Next, we will see if the birth weight will be affected by plural births or delivery method.
#Density plot
ggplot(df,aes(x=df$DBWT,fill=df$DPLURAL))+ geom_density() + facet_grid(rows = vars(df$DPLURAL))
#Average birth weight of each plural birth
tapply(df$DBWT,df$DPLURAL,mean,na.rm=TRUE)
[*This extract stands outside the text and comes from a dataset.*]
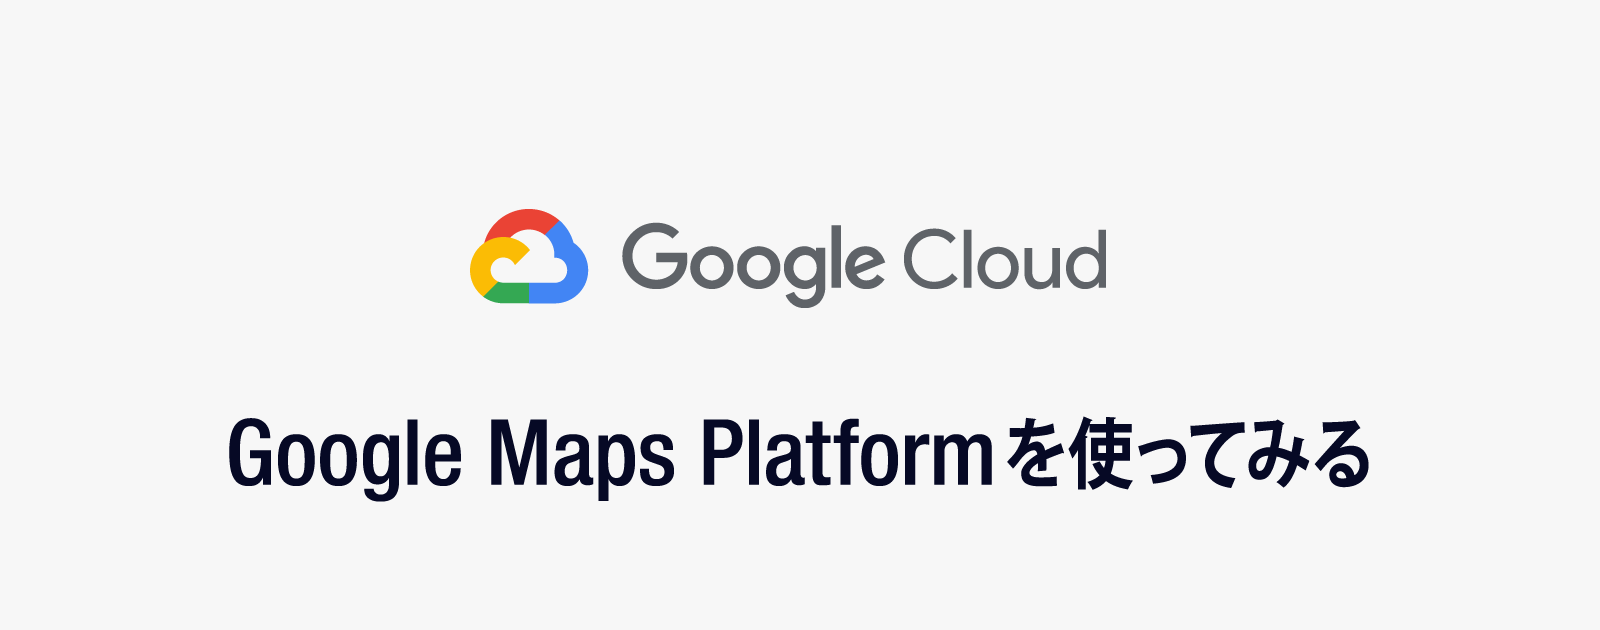 新しいGoogleマップ「Google Maps Platformの使い方」まとめ

## 1 Single 2 Twin 3 Triplet
## 3298.263 2327.478 1677.017
## 4 Quadruplet 5 Quintuplet or higher
## 1196.105 1142.800
#Boxplot
ggplot(df,aes(x=df$DBWT,y=df$DPLURAL,fill=df$SEX))+ geom_boxplot()
#Average birth weight of each plural birth according to gender
tapply(df$DBWT,list(df$DPLURAL,df$SEX),mean,na.rm=TRUE)
## F M
## 1 Single 3242.302 3351.637
## 2 Twin 2279.508 2373.819
## 3 Triplet 1697.822 1655.348
## 4 Quadruplet 1319.556 1085.000
## 5 Quintuplet or higher 1007.667 1345.500
The plot and the mean value shows that birth weight decreases with multiple births due to the lower gestation weeks. Moreover, we also see that newborn baby girls usually has the birth weight lower than boys. #Boxplot
ggplot(df,aes(x=df$DBWT,y=df$DMETH_REC,fill=df$DMETH_REC))+ geom_boxplot()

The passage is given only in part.